Write-Ahead Log (WAL)
How WAL Works
- When a transaction commits, changes are first written to the WAL file
- The WAL is synced to disk (based on sync_mode)
- Changes are then applied to the in-memory structures
- Transaction is acknowledged to the client
This sequence ensures that committed transactions survive crashes.

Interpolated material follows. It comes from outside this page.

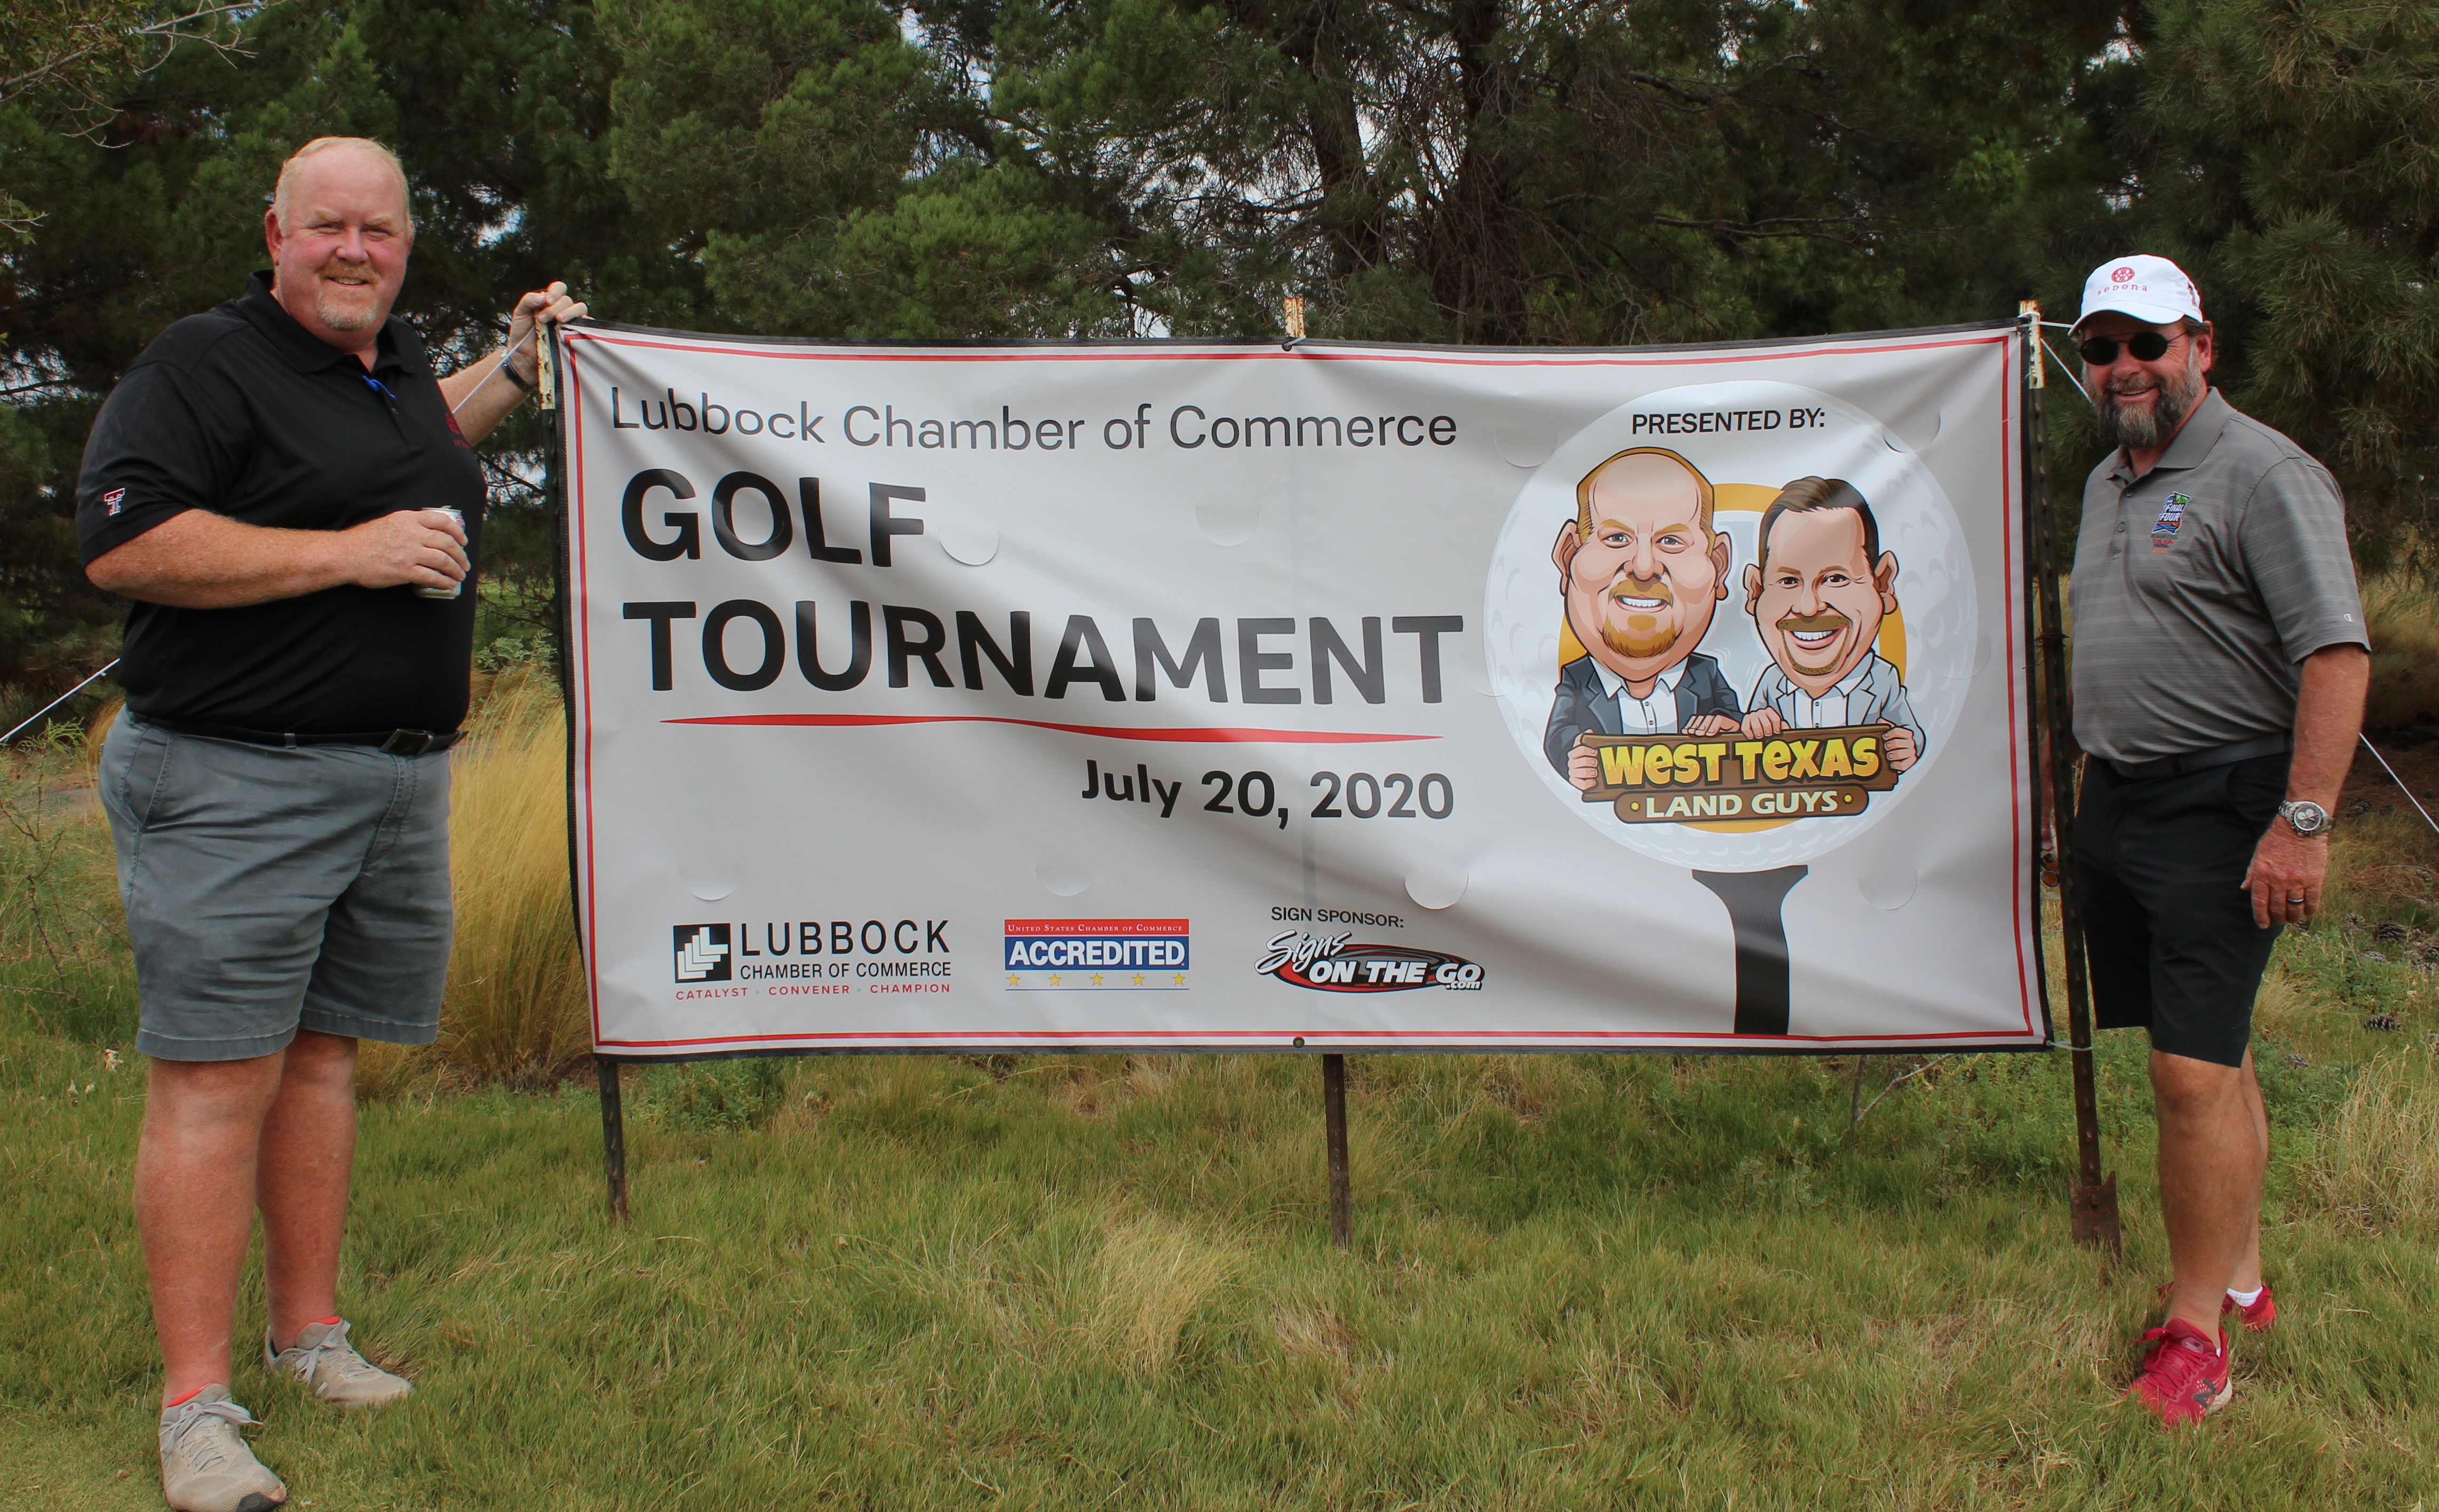 Congratulations to the Winners of the 2020 Chamber Golf Tournament presented by West Texas Land Guys!

WAL Manager Responsibilities
The WAL manager handles sequential writes with durability guarantees:
- Sequential writes with CRC32 checksums for corruption detection
- Two-phase recovery: Phase 1 identifies committed transactions, Phase 2 applies their changes
- Optional compression for reduced I/O when enabled
- Atomic writes ensuring either complete entries or none
WAL Entry Structure:
[WAL Header]
Magic: 0x57414C00
Version: 1
Checksum: CRC32
[Entry 1]
Timestamp: i64
TxnId: i64
OpType: Insert/Update/Delete
TableId: i64
RowData: [serialized row]
Checksum: CRC32
[Entry 2]
...
WAL Operations
The WAL records these operations:
- INSERT: New row insertions with full row data
- UPDATE: Row modifications with old→new value pairs
- DELETE: Row deletions with deletion markers
- CREATE TABLE: Table creation with schema metadata (DDL)
- DROP TABLE: Table deletion with cleanup operations (DDL)
- CREATE INDEX: Index creation with index specifications (DDL)
- DROP INDEX: Index deletion operations (DDL)
- ALTER TABLE: Schema changes with transformation rules
WAL Segment Management
WAL files are managed in segments for efficient rotation:
- Active segment: Currently being written to
- Archived segments: Completed segments waiting for snapshot
- Cleanup: Old segments deleted after successful snapshots
- Recovery: Segments replayed in order during startup
WAL Configuration
Configure WAL behavior using PRAGMA:
-- Sync mode: 0=None, 1=Normal (default), 2=Full
PRAGMA sync_mode = 1;
-- Number of operations before automatic WAL flush
PRAGMA wal_flush_trigger = 32768;
| Sync Mode | Value | Behavior |
|---|---|---|
| None | 0 | No sync (fastest, but data may be lost on crash) |
| Normal | 1 | Sync on commit (balanced performance and durability) |
| Full | 2 | Sync every operation (slowest, maximum durability) |
WAL Files
WAL files are stored in the database directory:
/path/to/database/
wal/
wal_000001.log
wal_000002.log
...
Old WAL files are automatically cleaned up after successful snapshots.
Snapshots
How Snapshots Work
Snapshots capture the complete database state at a point in time:
- All table data and schema
- All index definitions
- Current transaction state
After a snapshot is created, older WAL entries can be safely deleted.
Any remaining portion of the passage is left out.